Author : Siddharth Yadav

Expert Speak Digital Frontiers
Published on Sep 26, 2024

BCIs hold great potential for treating neuromuscular disorders but raise ethical and safety concerns, particularly as governments and companies explore commercial and military uses.

The emerging safety and ethical landscape of Brain-Computer Interfaces

Image Source: Getty

Brain-Computer Interfaces (BCIs) are devices and systems that bypass the neuromuscular pathways in the body and allow communication between the brain and external devices. Typically, BCIs allow external devices like computers to act by acquiring signals from the central nervous system, analysing them and translating them into commands. The earliest tests for BCI development were carried out on monkeys in 1969 and 1970, followed by tests on human subjects in the 1990s. In 1991, scientists for the first time demonstrated that a cursor on a computer screen can be controlled by using brain waves. Early research focused on using BCIs to help patients with severe motor disabilities caused by conditions like neuromuscular disorders, brain stem strokes or spinal cord injuries. For example, one of the first clinical tests with invasive BCI was conducted on a person with ALS. Over the decades, advancements in technologies like machine learning, signal processing, and neuro-imaging have enhanced the efficacy of BCIs.

EEG-based BCIs have more commercial viability as the BCI devices are more portable and the process involves placing sensors on the scalp, a modality that can be implemented using headsets.

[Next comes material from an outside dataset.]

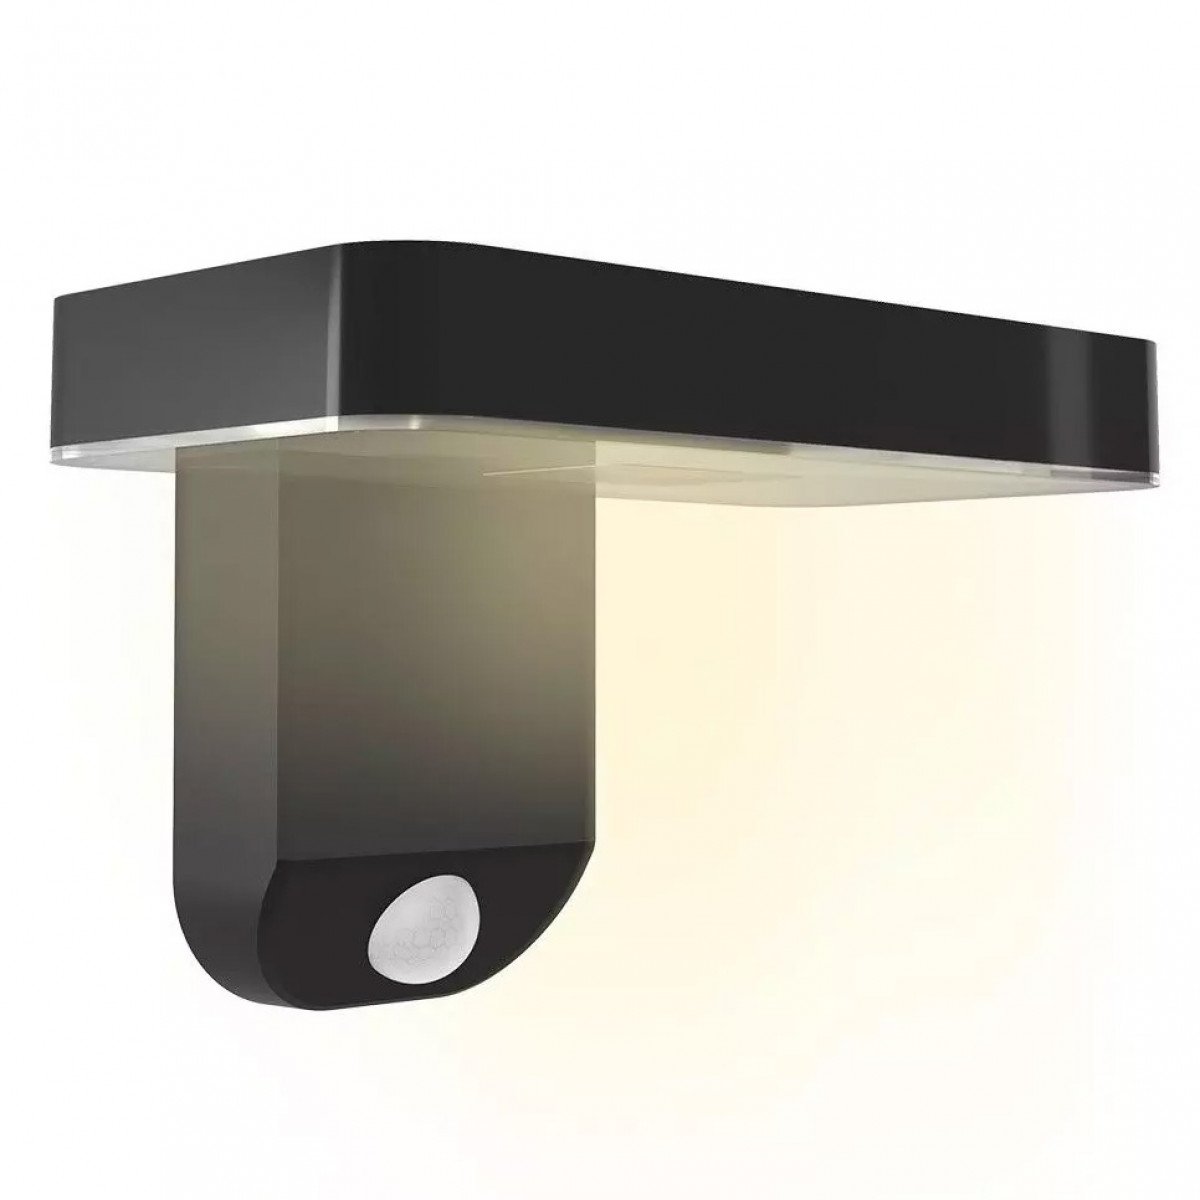 Lampe d'extérieur Calex Smart lampe murale solaire noire avec détecteur de mouvement lampe murale moderne

The commercial popularity of BCIs has increased due to innovations in non-invasive BCIs that are more cost-effective and scalable than their invasive counterparts. Non-invasive BCIs employ electroencephalography (EEG) to monitor, acquire, and translate brain activity. EEG-based BCIs have more commercial viability as the BCI devices are more portable and the process involves placing sensors on the scalp, a modality that can be implemented using headsets. However, while invasive BCIs are more cost-prohibitive and require surgical intervention, they offer much more reliable data due to the high fidelity of acquired signals. BCI company Neuralink has already successfully used its invasive implantable BCI system to treat a quadriplegic patient. The success of the company has also begun signalling the arrival of a new age of human-machine interaction with the marketing of BCIs that can not only treat sensory-motor disabilities and degenerative neuromuscular conditions but also facilitate direct brain-to-brain communication.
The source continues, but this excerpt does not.